CHICAGO (Reuters) – The COVID-19 pandemic has been a bumpy road for many Chicagoans, but they have mosaic artist Jim Bachor to thank for paving the way to some unexpected smiles with four additions to his “pothole art” series installed on the city’s North Side.

Along a side street near the iconic Green Mill jazz club in the Uptown neighborhood, Bachor has created four glass and marble mosaics inside small craters in the pavement.

The colorful creations, which glisten in the sunlight, refer to symbols of the city’s experience with the pandemic. There are mosaics depicting an Old Style beer can, one of Chicago’s classic brands; a toilet paper roll and a bottle of hand sanitizer; and a red Chicago flag star, in homage to a city that has recorded 1,830 coronavirus-related deaths.

“It’s a little bit of an unexpected joy … an unexpected grin,” he said. “It’s finding a little bit of humor in times that are not funny and elbow to the ribs of us humans and the ridiculous things that go on.”

Chicagoans are all too familiar with potholes, and Bachor has been placing tile mosaics in them since 2013 after a particularly stubborn crater in front of his Northwest Side home inspired him.

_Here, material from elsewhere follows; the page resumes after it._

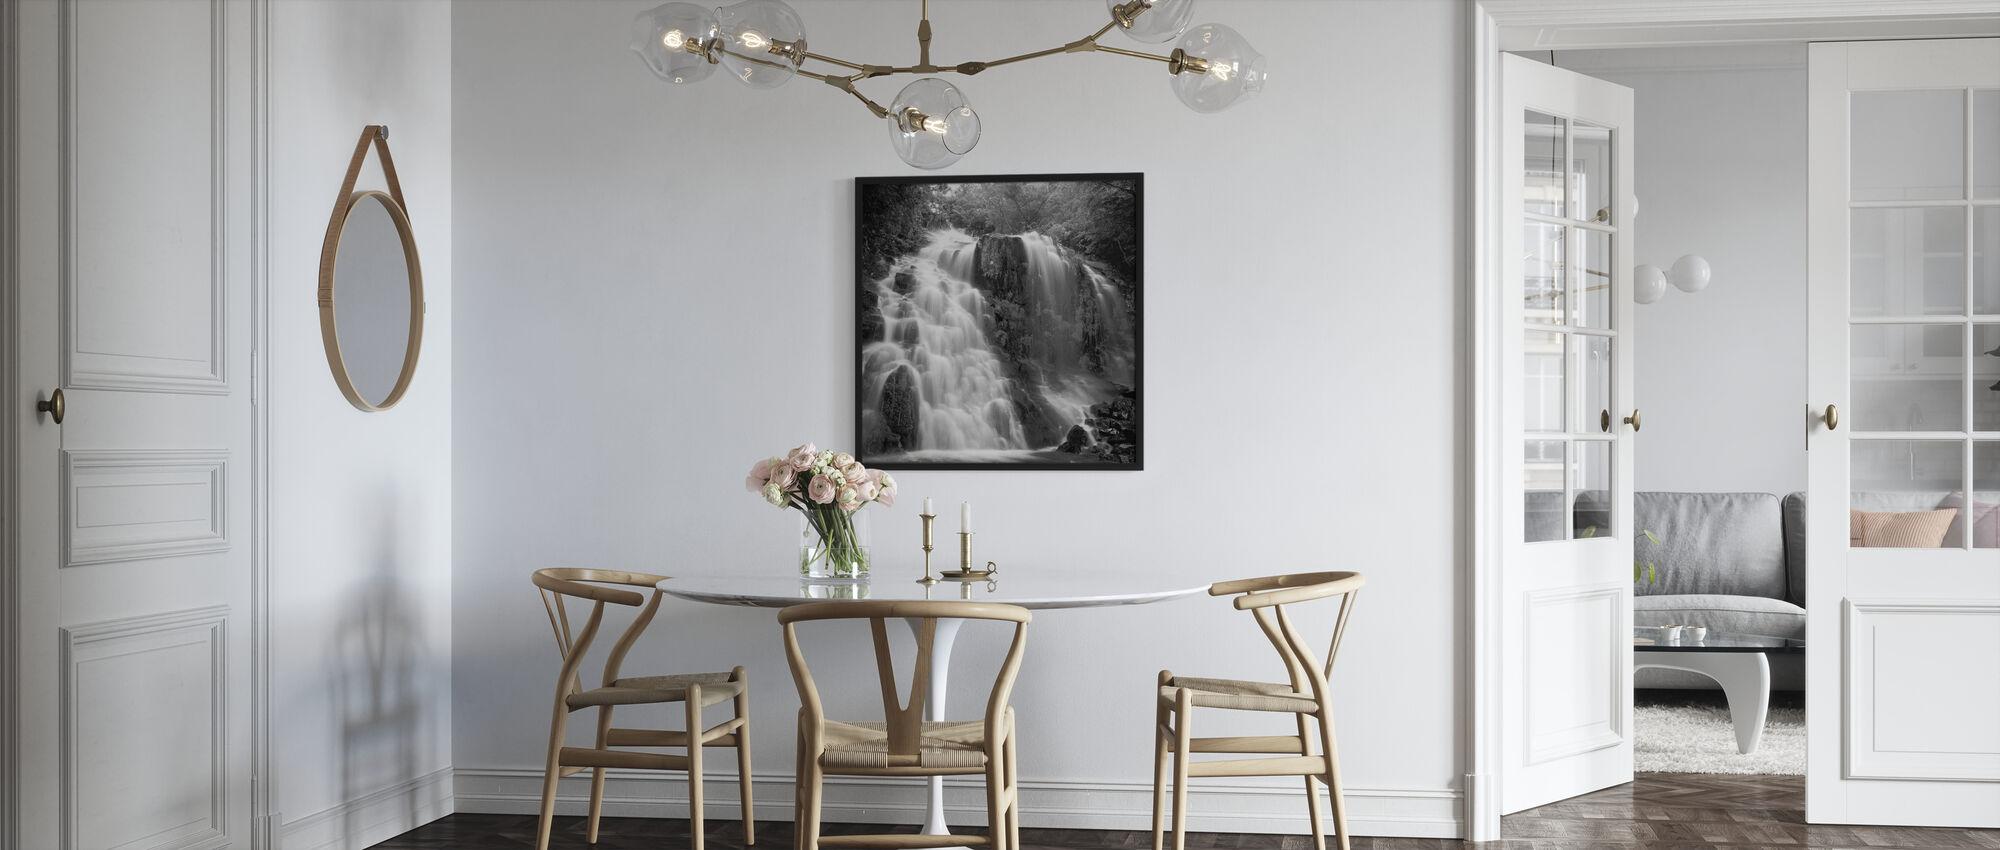 Nature Scenery - b/w - Poster - Kitchen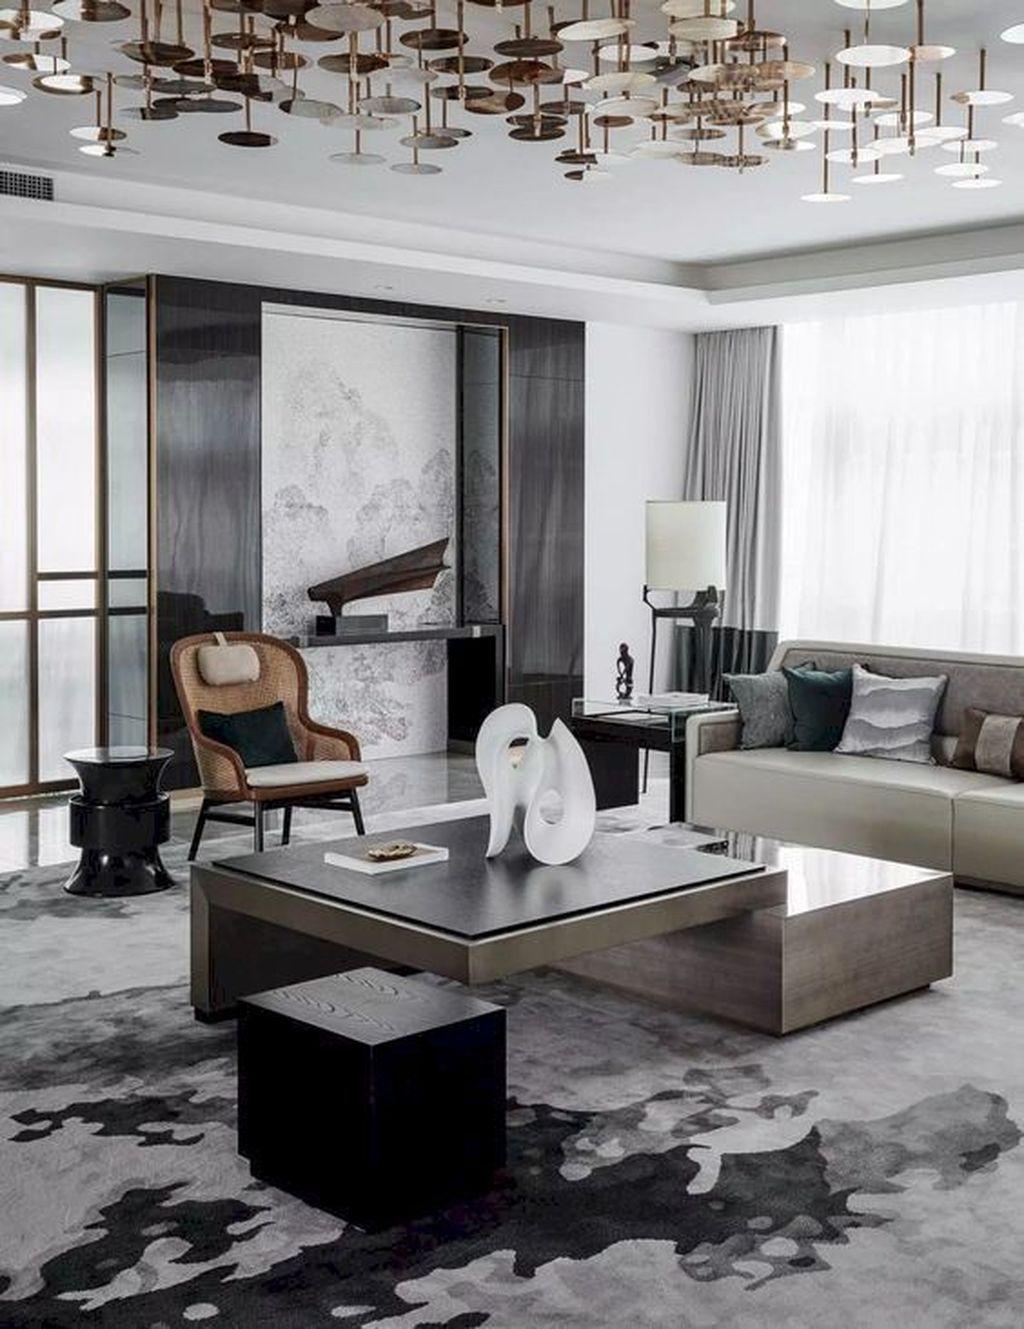 Beautiful Contemporary Interior Design Ideas You Never Seen Before 11

“Everyone can relate to potholes. It doesn’t matter if you are rich, poor, young or old … everyone hates them,” he said.

He installed the two-foot (0.61 m) pandemic mosaics three weeks ago, following the same process used in the other 85 he has completed across the city. Some of his other pothole works depict daily objects like an ice cream cone as well as natural subjects such as small animals and flowers.

First, Bachor spent eight to 10 hours completing the artwork in his studio. He then hauled water, concrete and the mosaics to the four potholes, where he spent about two hours installing them. He returned the next day to complete the installation.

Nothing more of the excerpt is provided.